Assignment 4
Instruction: Organize your answer in a word document and submit to Canvas. You can also take photos or scan your written answers and submit to Canvas.
Problem 1
Given the following training data. You want to build a regression tree to predict \(y\) from \(x_1\) and \(x_2\).
Points | \(x_1\) | \(x_2\) | \(y\) |
---|---|---|---|
A | 3 | 0 | 3.5 |
B | 2 | 5 | 3.7 |
C | 2 | 3 | 4.0 |
D | 0 | 0 | 2.5 |
E | 0 | 1 | 3.0 |
- Using the Residual Sum Squares (RSS) to decide the better split between
Split 1: Region 1: \(x_1 \leq 1\), Region 2: \(x_1 > 1\)

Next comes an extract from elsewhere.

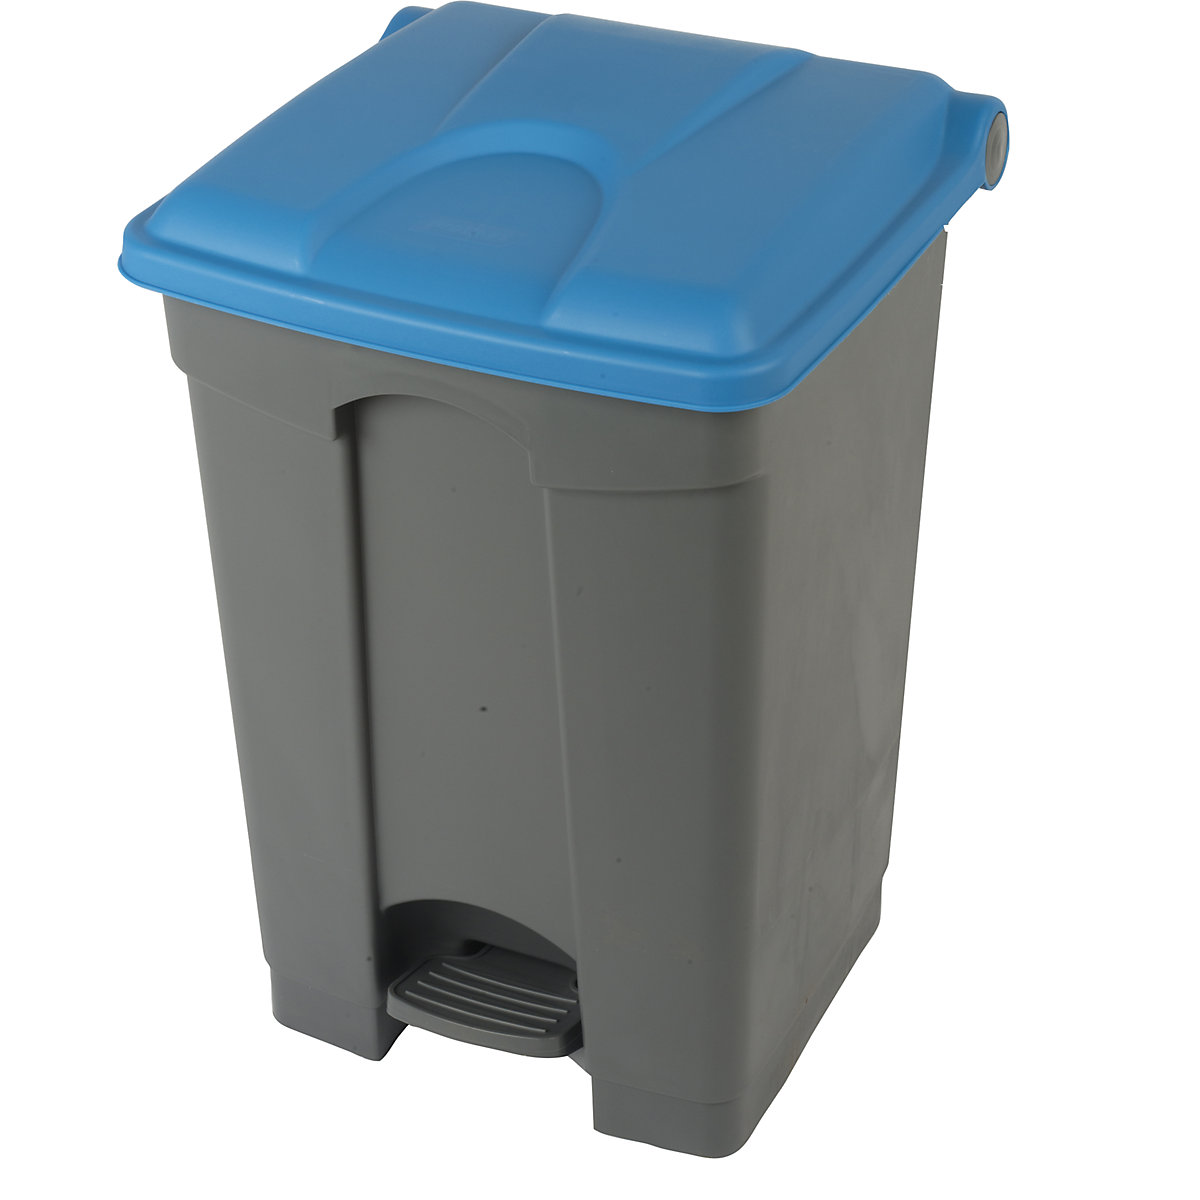 Spremnik za otpad s papučicom, volumen 45 l, ŠxVxD 410 x 600 x 400 mm, u sivoj boji, poklopac u plavoj boji-11

Split 2: Region 1: \(x_2 \leq 2\), Region 2: \(x_2 > 2\)
Suppose that your regression tree contain only one split which is the best split in the previous question. Calculate the \(R^2\) of this regression tree on the training data.
Use your regression tree to predict the \(y\) for the below testing data. Calculate the \(R^2\) of the tree on the below testing data.
Points | \(x_1\) | \(x_2\) | \(y\) |
---|---|---|---|
F | 3 | 1 | 3.0 |
G | 1 | 5 | 3.6 |
H | 2 | 1 | 4.0 |
I | 0 | 2 | 3.9 |